Steven, as far as a motivation for factoring polynomials, there may not be one good opener question that would spark interest. But what about motivation for doing bicep curls? I coach basketball , so I have some cred when it comes to bringing athletics into the classroom. My analogy is you will never be asked to flex your bicep, or do a bicep curl during a (insert athletic event here). However, the training aspect (that may on it’s own appear tedious and unrelated) allows one to perform better at other more elaborate athletic tasks. Learn how to do the exercise well, practice it, and know when it is necessary, and it then becomes useful, part of the bigger picture, even if on its surface it may appear irrelevant.
That usually is a response to the generic “when are we ever going to use this” comment, and of course it is lost on some students…

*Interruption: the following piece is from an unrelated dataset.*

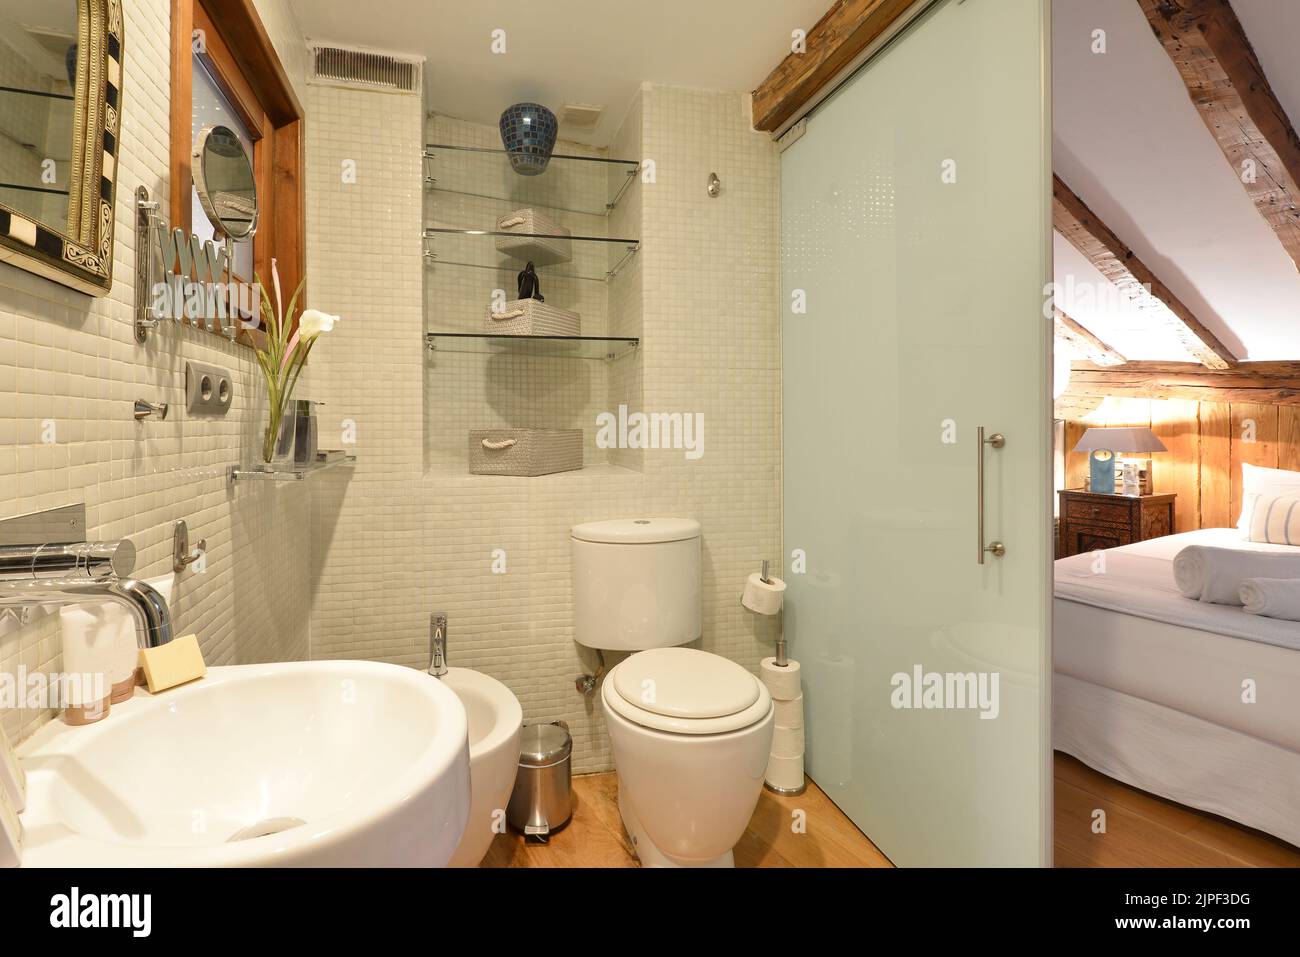 En-suite bathroom with tiled tiles, translucent glass sliding door and white porcelain design toilets Stock Photo

With regards to the general tone of what “style” of questioning/problem solving/curriculum choices is best, I am sure that if there was a one-size-fits-all program that worked for everyone, some Prentice Hall/Wiley/Key Curriculum/Disney/GE/Microsoft conglomerate would be marketing it to all. One of the most frustrating, yet I find interesting things about teaching is the mixing together all of these differing techniques, philosophies, activities, styles and curriculum design all come together to form a classroom environment. The ability to adapt is I feel one of the strongest traits teachers have. If I ever find that holy grail of teaching that works for all students, in all disciplines, on all of the standardized tests, hitting all of the various learning styles, accomodating all student needs, I think I would get bored.
Nancy
May 9, 2008 - 5:25 pm -Bumped into this and thought of you WORD PROBLEMS FOR FUTURE HEDGE FUND MANAGERS
http://www.mcsweeneys.net/2008/5/7woodiwiss.html
dan
May 10, 2008 - 7:47 am -Hysterical, thanks.